Attach the two clips on the smaller cage to the larger cage to make it a single unit. Sit a rock or brick on the floor through the hinged roof of the larger cage so that the trap will not move around or fall over in the wind. Or anchor the trap to the ground by hammering in some tent pegs. Top up the food and water. Find an old bit of mirror and face it opposite the entrance because Myna birds like to see more of themselves. Or make another purchase at the two dollar shop for mirrors placed opposite the entrances where they can see themself inside the trap. This helps encourage them inside. Close the roof and lock it with the clip. Place a stick through both sides of the larger cage about two thirds of the way up the walls to make a horizontal perch for trapped birds to sit on.
At the end of the day, inspect the trap for Myna catches. This trap is designed to hold groups.
One humane way to kill feral birds is to detach the smaller cage and place the larger cage with the Mynas in it inside a large garbag or wheelie bin liner. Cut a 20 mm slit in the base of the bag to prevent an extreme build up of gasses. Attach a garden hose to the top of this bag with tape and seal it off with the trap inside. Attach the other end of the hose to the exhaust pipe of a petrol motor. A cold motor has more toxic fumes than a hot motor. Diesel fumes are no good for this purpose. Turn the vehicle ignition on and run the motor for a few minutes so that the exhaust gasses fill the bag. Turn the motor off and let the bag sit there for a few more minutes. The toxic fumes send the birds to sleep and they never wake up, same as euthanasia at the vets. It is painless for the birds. Re-use this bag for the next catch. By now, you are an expert Myna bird trapper.

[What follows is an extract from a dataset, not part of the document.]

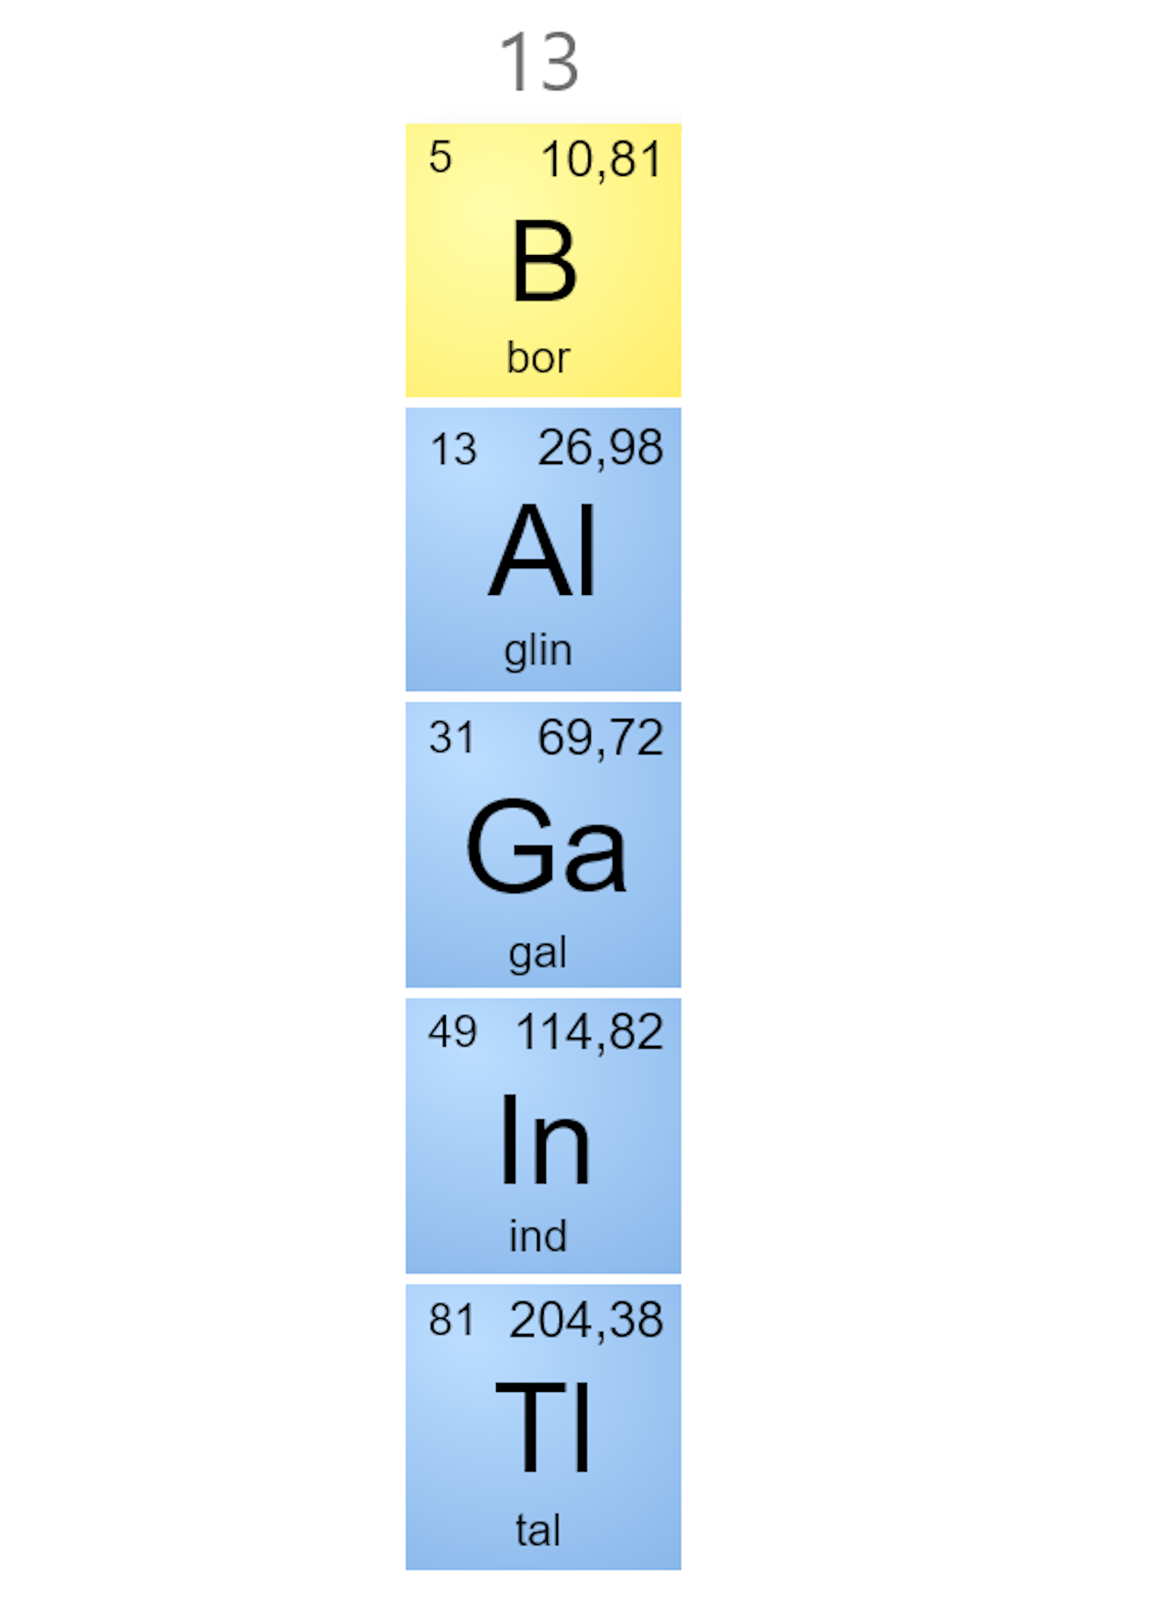 Ilustracja przedstawiająca grupę trzynastą układu okresowego pierwiastków. Podano liczby atomowe odpowiednich pierwiastków oraz ich masy atomowe. Od góry kolejno bor B5 z masą atomową 10,81; glin Al13 z masą atomową 26,98; gal Ga31 z masą atomową 69,72; ind In49 z masą atomową 114,82 oraz tal Tl81 z masą atomową 204,38.

A second humane method of despatch is to quickly wring the neck of the live birds. This is probably best done after dark so the other mynas hanging around outside the trap cannot see what is happening. Not everyone is up to this but for those who are, wear long gloves before handling them as wild feral birds are probably lice and parasite infested. Welders long leather gloves are good for this. Plus the wild birds will want to attack your hands and arms. Reaching inside the cage to grab one Myna from a group of live birds one at a time can be tricky, without letting the others escape. Be quick to close the lid. A fast 180 degree twisting snap of the neck is required. You can't be half-hearted with this method. Or as others have done with sick chooks, put the Myna's head over the wood-pile chopping block and use the kindling hatchet on their neck with one swift and accurate blow.
Deal with the trapped Myna birds at the end of each day and then set the trap for the next day's catch. If they wake up inside the trap at sunrise, they communicate with the other Mynas outside the trap and warn them off. You will then need to re-start your education stage in another location.